# Learning to ride



## AustinAndPenny (Jul 21, 2012)

Just learning to ride westerns with no horse, no trainer, no one to help me but books and strangers off of the internet.

Is it possible?

I have the concept of riding down, how to stop them, how to turn them, to slow down/move up.

But what I'm really trying to ask is, is it possible to really know how to ride without actually riding?


----------



## smrobs (Jul 30, 2008)

First off, howdy and welcome to the forum .

It's not really possible to learn how to ride without actually riding. In that respect, riding a horse is a lot like doing open heart surgery. You can read all the books you want and watch all the videos in the world, but actually _doing_ it is a whole other ball game.

You can learn the ideas and the reasonings behind certain methods/movements, but there is a lot of muscle memory and reaction memory that must be built up through performance. It's not really like riding a motorcycle, where it will react the exact same way as the one you saw in the video. Because horses are their own thinking beings, handling them well takes a lot of practice.

Heck, I've been handling/riding horses for about 25 years and I still don't know everything I need to handle every situation that comes up.


----------



## tinyliny (Oct 31, 2009)

NO. I do not think it is possible. It' like saying, can you learn to ride a bike without riding one? No, it is muslce memory and you must experience the actual riding. If you have experience riding in another discipline, then you can learn a lot in books prior to starting the actual ride and be more advanced than had you not read at all, but I do not think riding can be learned via books. It must be done.


----------



## AustinAndPenny (Jul 21, 2012)

Haha, I know some people who have horses and have actually handeled them, done the grooming when they needed me to ect, but I haven't riden them. I have a neighbor who has horses, and rides them western, but quite frankly, my property and theirs combined till thier driveway, is about a 20 acres and I don't have thier phone number. I wouldn't drive up there just to ask about that either. Maybe next time if they don't decide to sell off the horses.

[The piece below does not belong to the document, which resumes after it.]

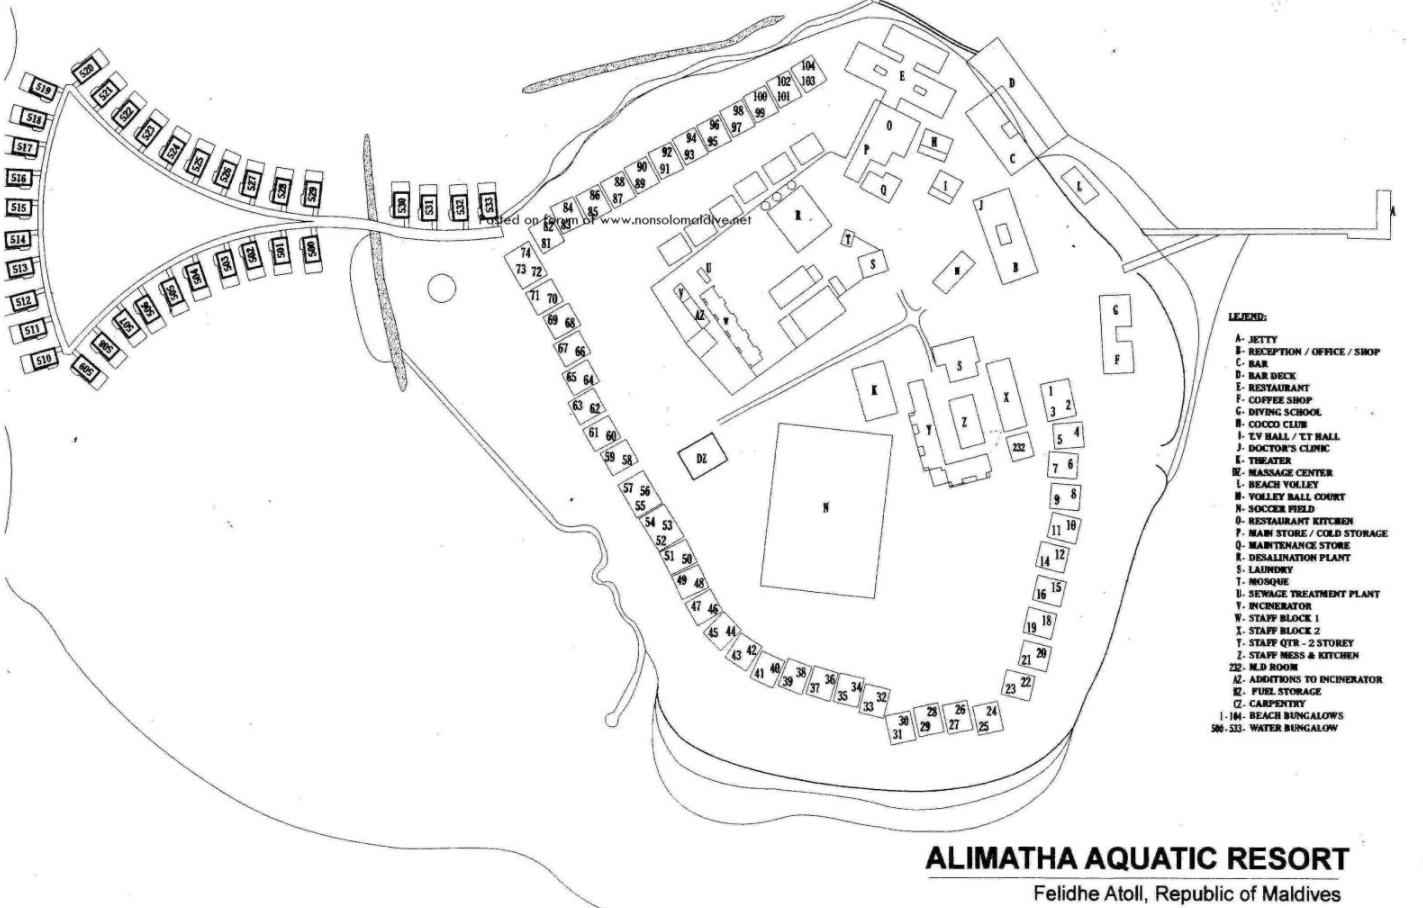 马尔代夫 安利玛莎 Alimatha Aquatic Resort  平面地图查看

Then there's always a friend but I don't have her number either and she lives maybe 20-23 miles away from me and has actually offered to let me ride her I forget the breed, but her 16.3hh very light grey gelding, Austin. It would be english but, I'd probaly in some ways prefer that better, but I'd actually like to barrel race, And you can't exactly do that in an english saddle. She has also offered to give me severely reduced lessons, for ten dollars a lesson, one lesson a week.


----------



## smrobs (Jul 30, 2008)

$10 is a pretty good deal for a lesson. At this point, with you wanting just to learn how to ride the horse, english or western won't really matter much. Any time spent on a horse is better than no time at all.


----------



## AustinAndPenny (Jul 21, 2012)

Yes. But, that's about a 40 mile trip there and back once a week. And there's no garuntee I can haul my butt up into the saddle, much less get my leg up high enough to put my foot in the stirrup. I'm 5' even. Austin is a little over 6'. If she had a mounting block, and she doesn't I might be able to get up on him. We're even contemplating(sp) leading him over to a fence and I can climb up enough to get on.


----------



## tinyliny (Oct 31, 2009)

A fence can work quite well.

If you have never ridden, there is A LOT to learn. IT's not nearly as simple as you might think. If the girl is willing to give you a lesson, and she has some skill at that, then I'd do it. OR, look into a local riding school and take lessons on school horses, which in many ways is a better idea for first learning.


----------



## Prismis (Aug 18, 2012)

40 miles isn't that far... Heck I drive my kids to school further then that everyday lol once a week is worth it for $10! Cheapest I can find around here is $25
_Posted via Mobile Device_


----------



## Hoofprints on my heart (Apr 27, 2011)

Wish I could find lessons around here, cheapest is $25 and the trainer sucks and they told me im "to expierenced"


----------



## Prismis (Aug 18, 2012)

Hoofprints on my heart said:


> Wish I could find lessons around here, cheapest is $25 and the trainer sucks and they told me im "to expierenced"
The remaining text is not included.